··· Data for review ···
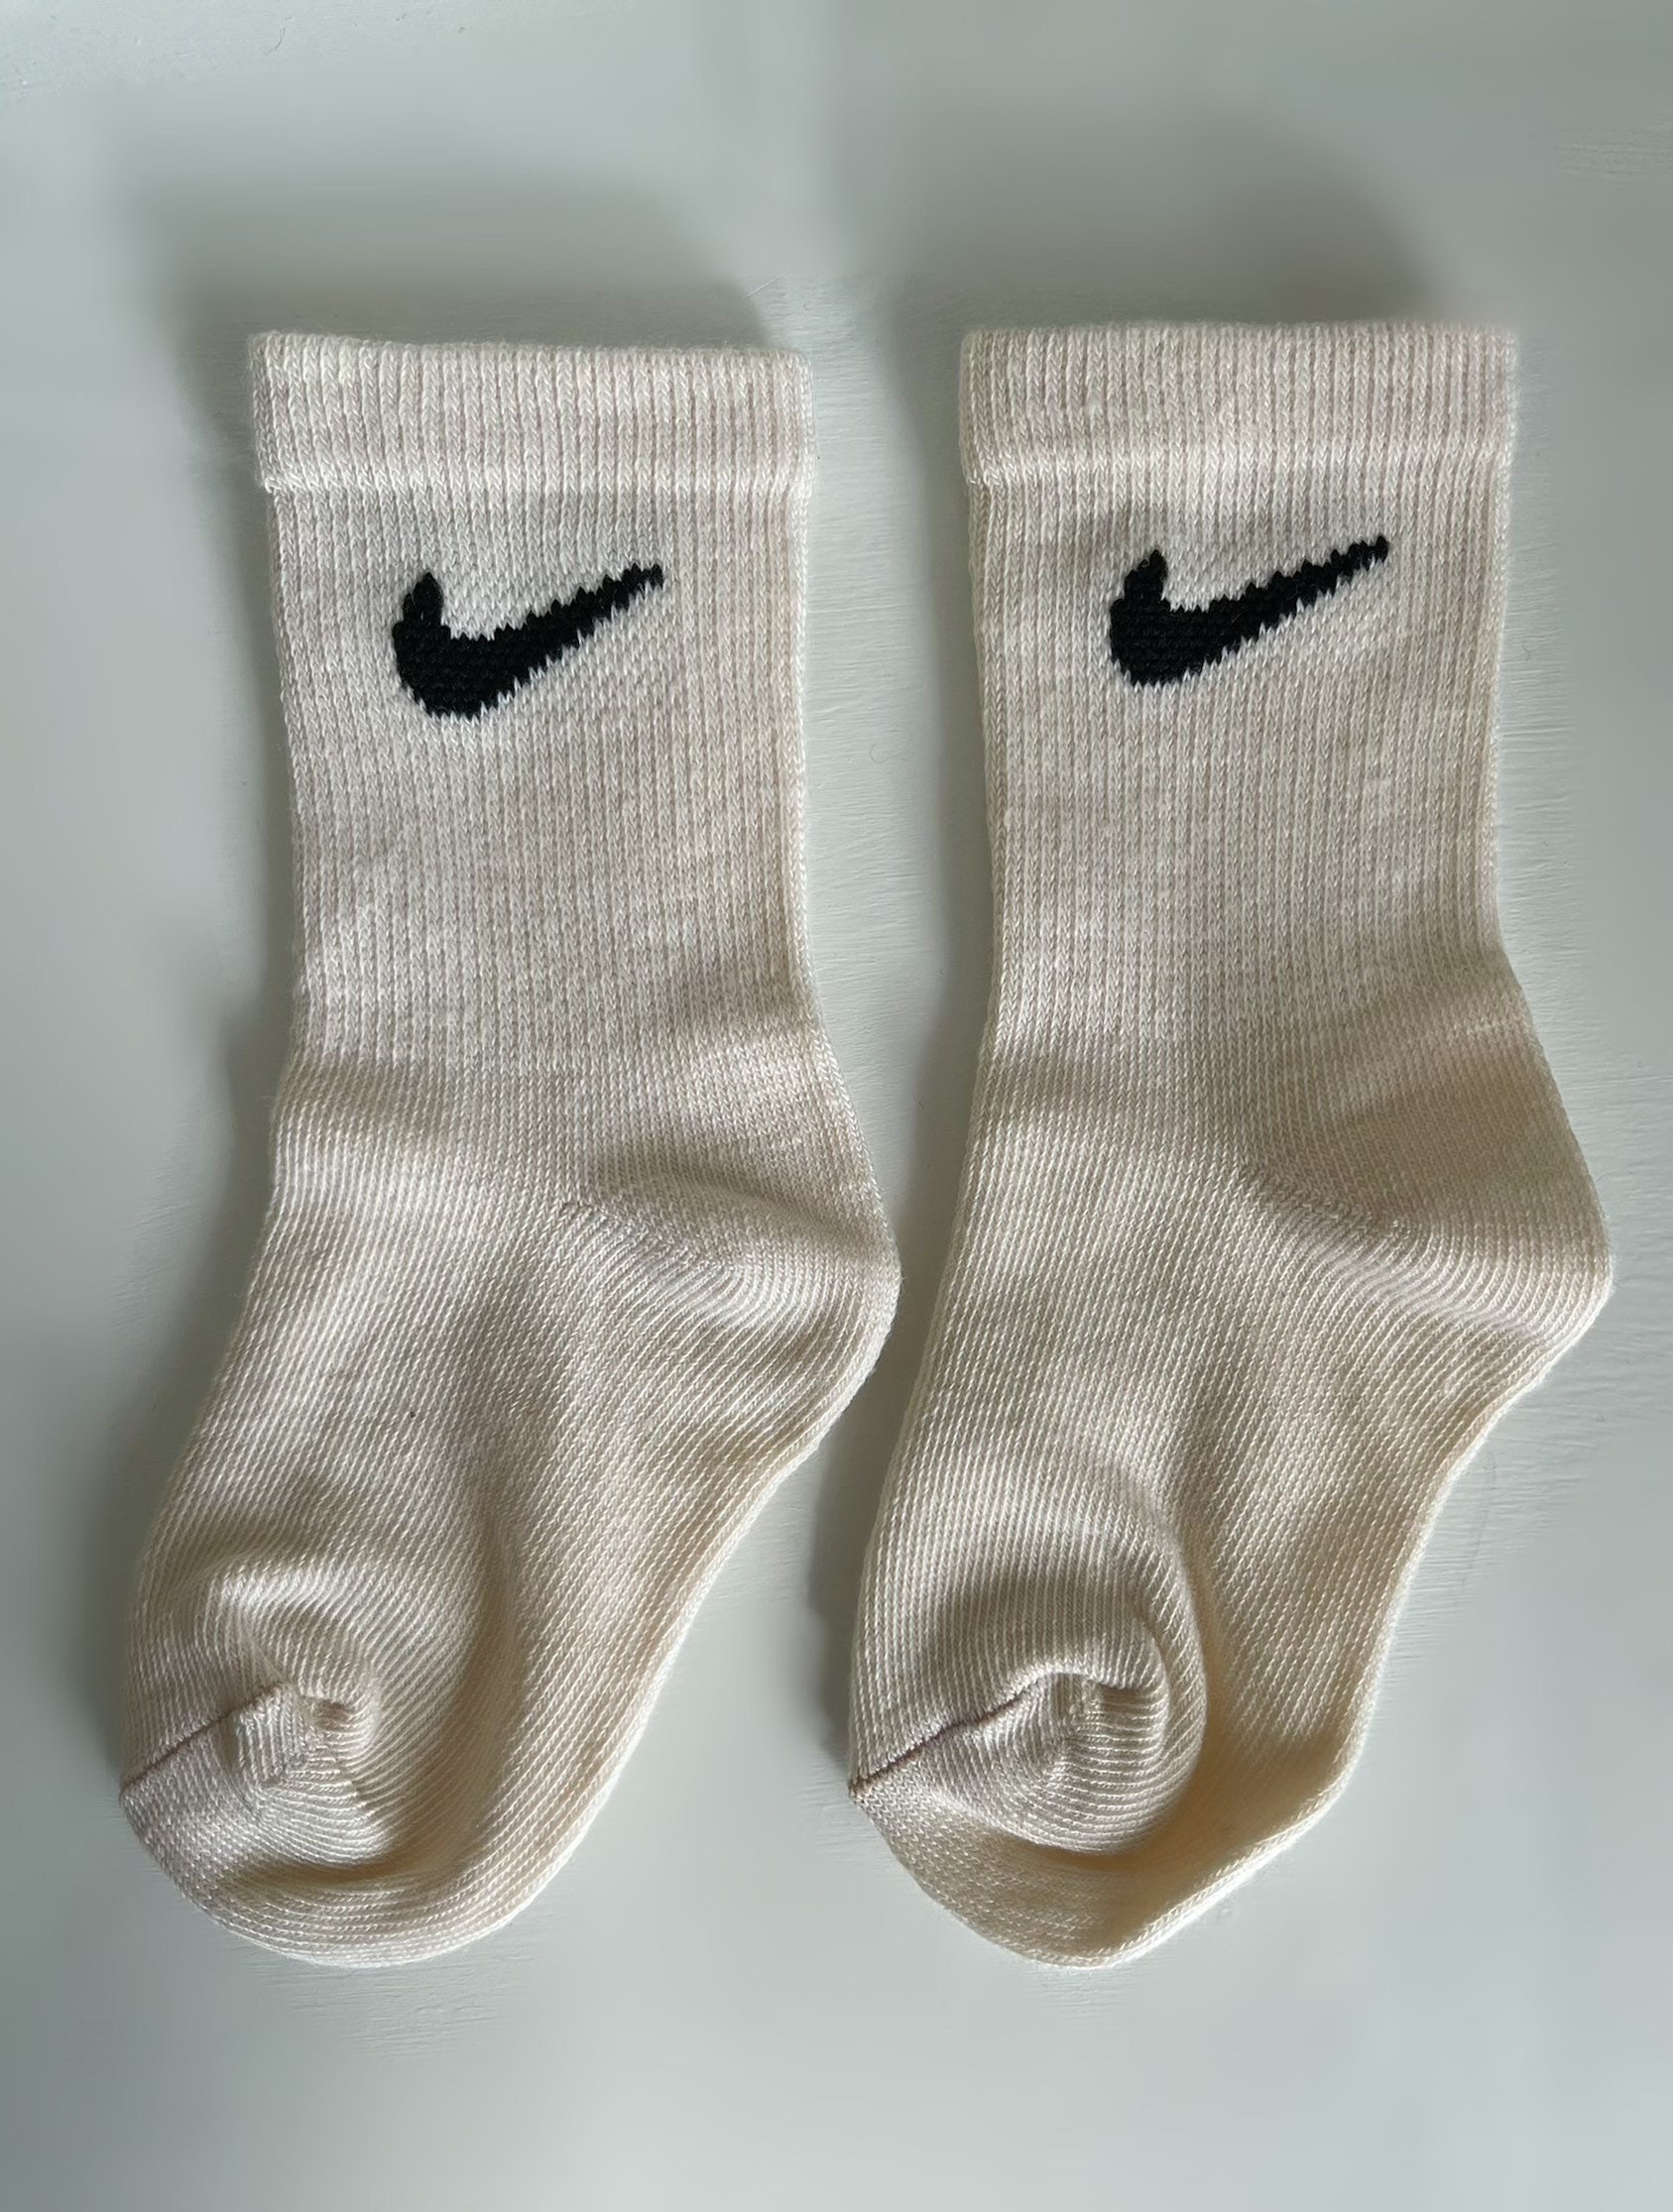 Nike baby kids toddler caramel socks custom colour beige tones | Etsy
···
··· Data for review ···
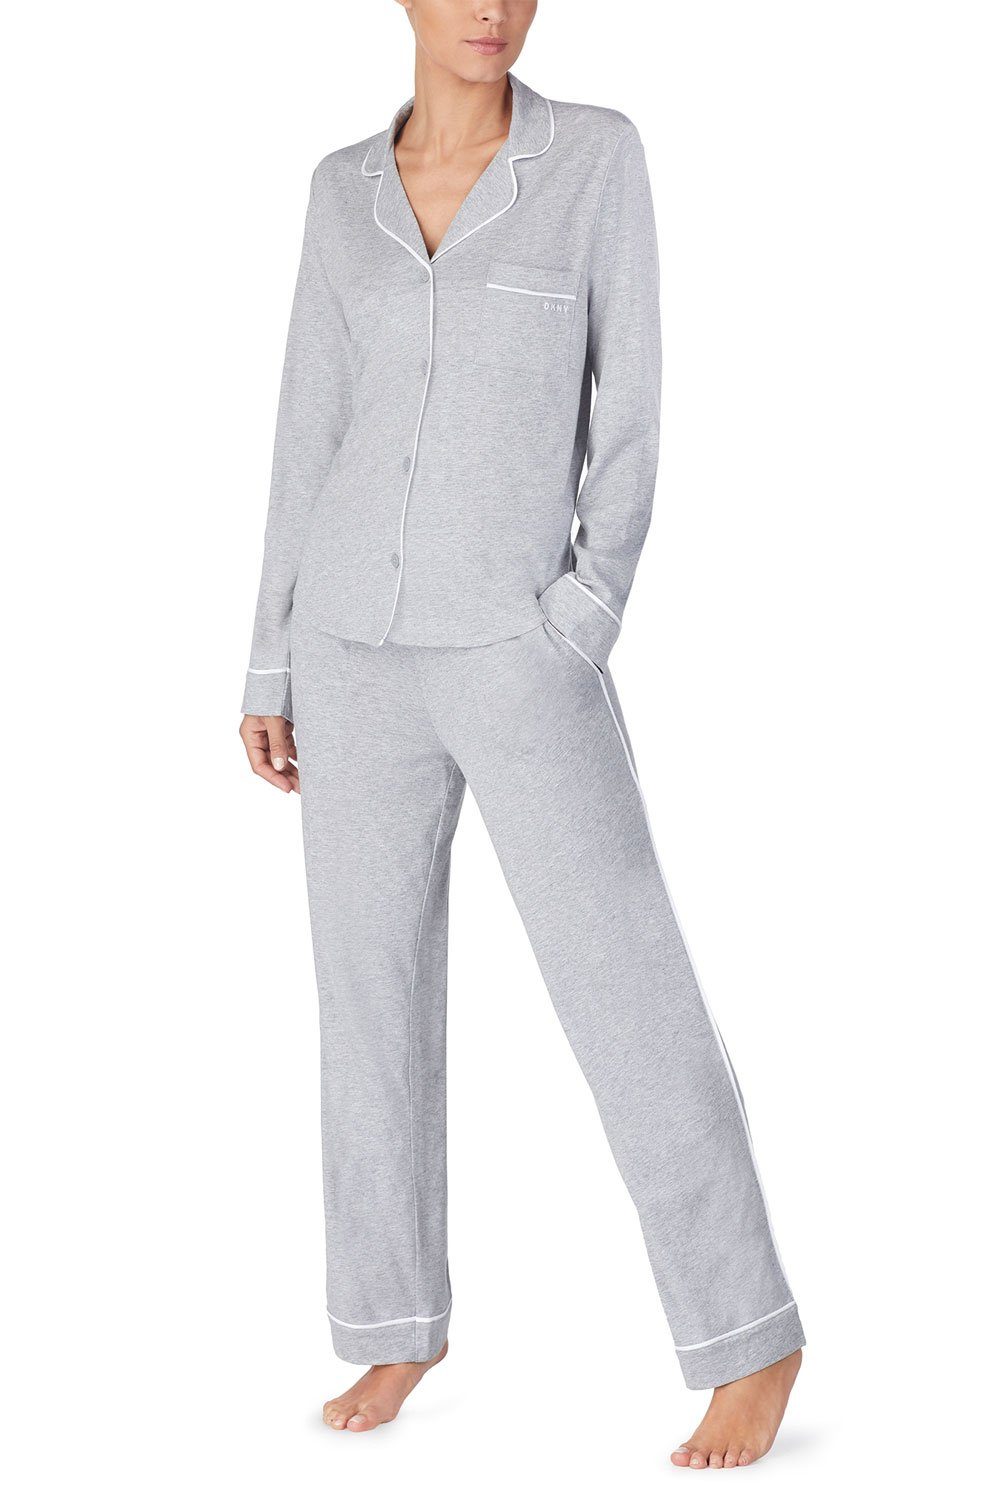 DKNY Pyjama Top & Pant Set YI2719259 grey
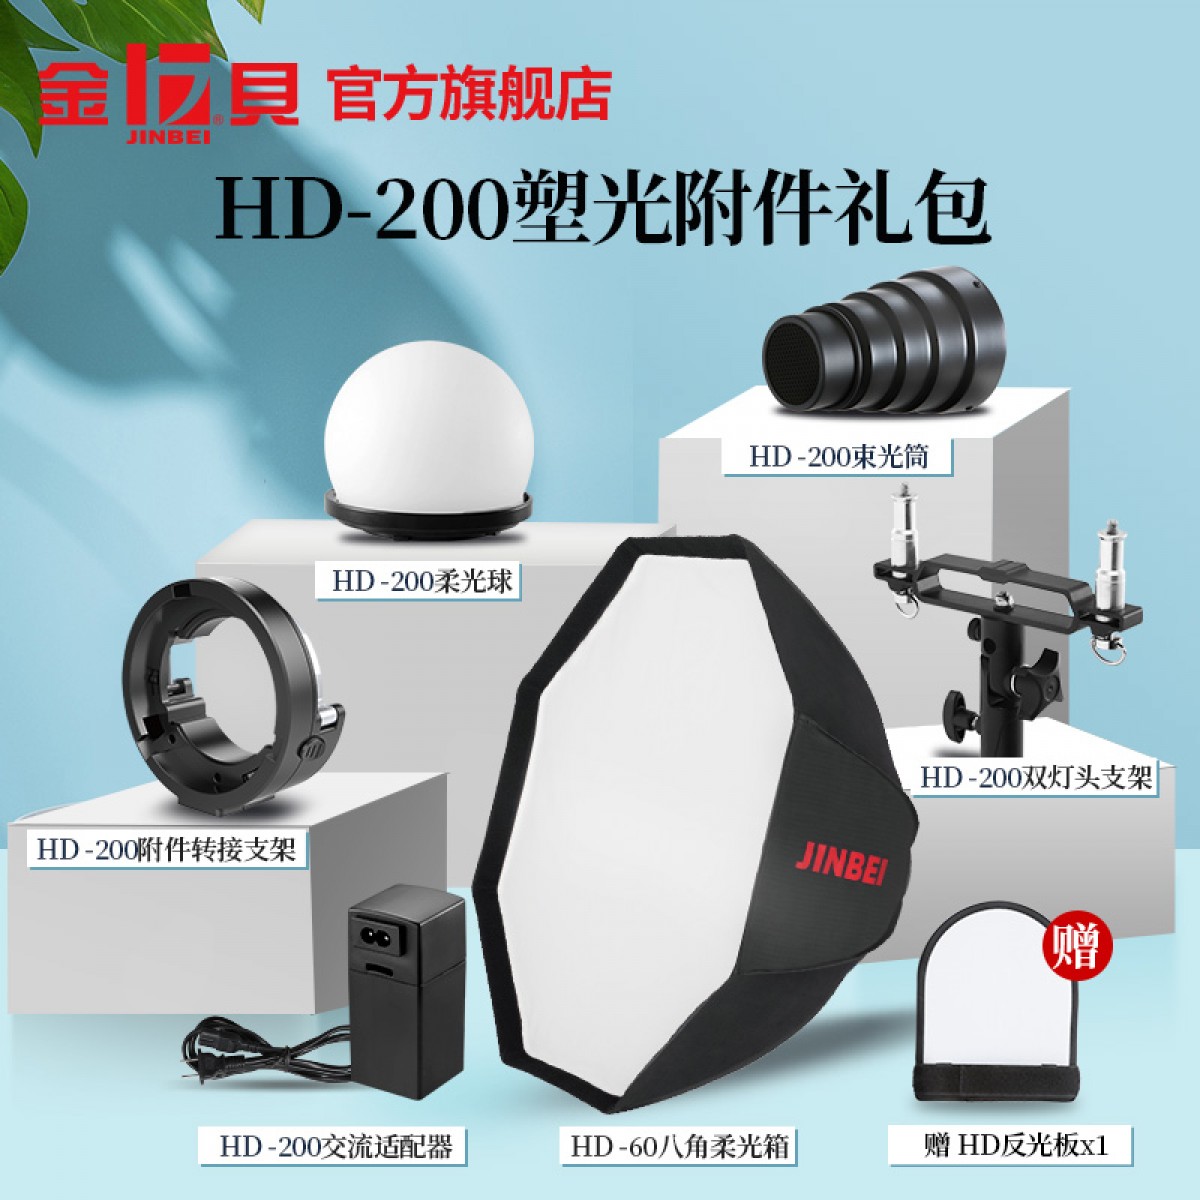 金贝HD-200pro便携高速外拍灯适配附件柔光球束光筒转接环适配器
···
What is expected:
Look above for the line with "DKNY Pyjama Top & Pant Set YI2719259 grey" and the line with "金贝HD-200pro便携高速外拍灯适配附件柔光球束光筒转接环适配器", then copy them and all lines in between exactly as written, and only those, without any pictures.

Solved exercise:
 DKNY Pyjama Top & Pant Set YI2719259 grey
 金贝HD-200pro便携高速外拍灯适配附件柔光球束光筒转接环适配器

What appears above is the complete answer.